$\lim_{k\to\infty}\int_{1/k}^k f(x)\,dx \neq \int_0^{\infty}f(x)\,dx$

Question

I am trying to prove that $\lim_{k\to\infty}\int_{1/k}^k f(x)\,dx$ is not always equal to $\int_0^{\infty}f(x)\,dx$, where $\int_0^{\infty}f(x)\,dx=\lim_{R\to0}\lim_{S\to\infty}\int_R^Sf(x)\,dx$.

It seems that there should be a counterexample where $f(x)\to\infty$ as $x\to0$ and $x\to\infty$ with $\lim_{k\to\infty}\int_{1/k}^kf(x)\,dx=0$ but $\int_0^{\infty}f(x)\,dx$ does not exist.

For example, I tried $f(x)=|\ln x|$, but this does not work since then $\lim_{k\to\infty}\int_{1/k}^k f(x)\,dx$ does not exist.
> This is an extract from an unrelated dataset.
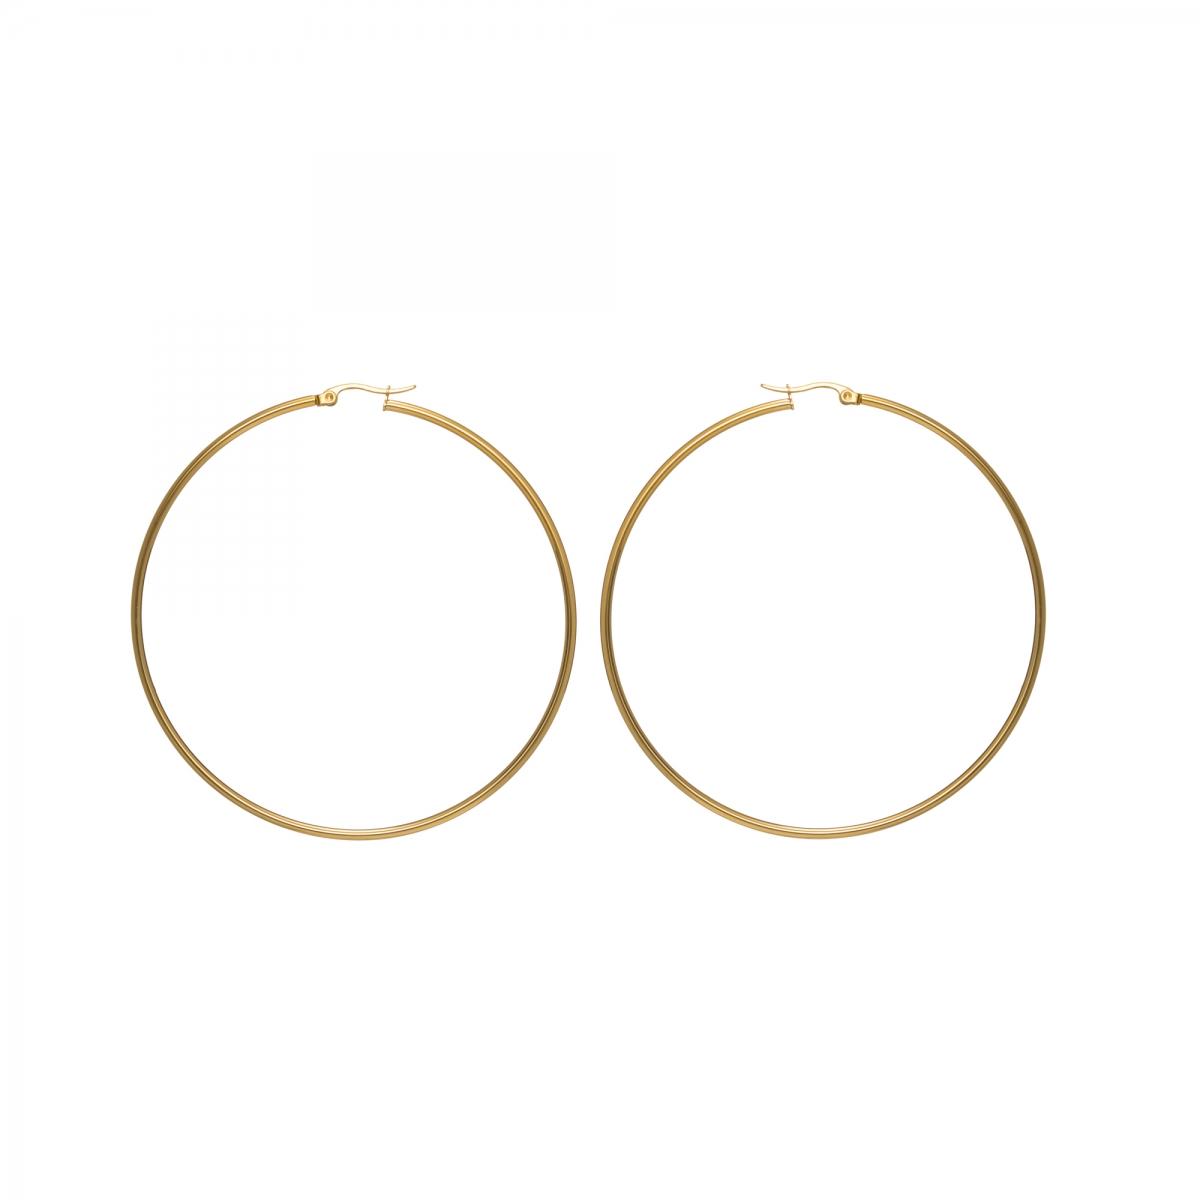 Náušnice Stainless Steel Mini Hoop Earring Gold

For every example I have tried so far, they are the same. Can anyone suggest how to construct a counterexample?

Answer 1

Another example such that $$\lim_{A\to\infty}\int_{1/A}^Af(x)\,dx\neq\int_0^\infty f(x)\,dx.$$ Here $A$ tends to infinity through the real line rather than $\mathbb N$. Let $$f(x)=\begin{cases} \frac1x & x\geq1,\\ -\frac1x & 0<x<1. \end{cases}$$ So $\int_{1/A}^Af(x)\,dx=0$ for $A>1$ but $\int_0^\infty f(x)\,dx$ does not exist.

Answer 2

Let $f$ be any nice continuous function on $[0,1]$ with $f(0)=f(1)$ and $\int_0^{1} f(x) \, dx=0$ but $\int_0^{\frac 1 2} f(x) \, dx\neq 0$. Extend $f$ to a continuous periodic function with period $1$. Then the first limit is $0$ but the second limit does not exist

Answer 3

It's not a coincidence that $\int_0^\infty f$ does not exist in the two counterexamples given - it's easy to see that if $\int_0^\infty$ does exist (according to the definition you gave) then it does equal $\lim\int_{1/k}^kf$.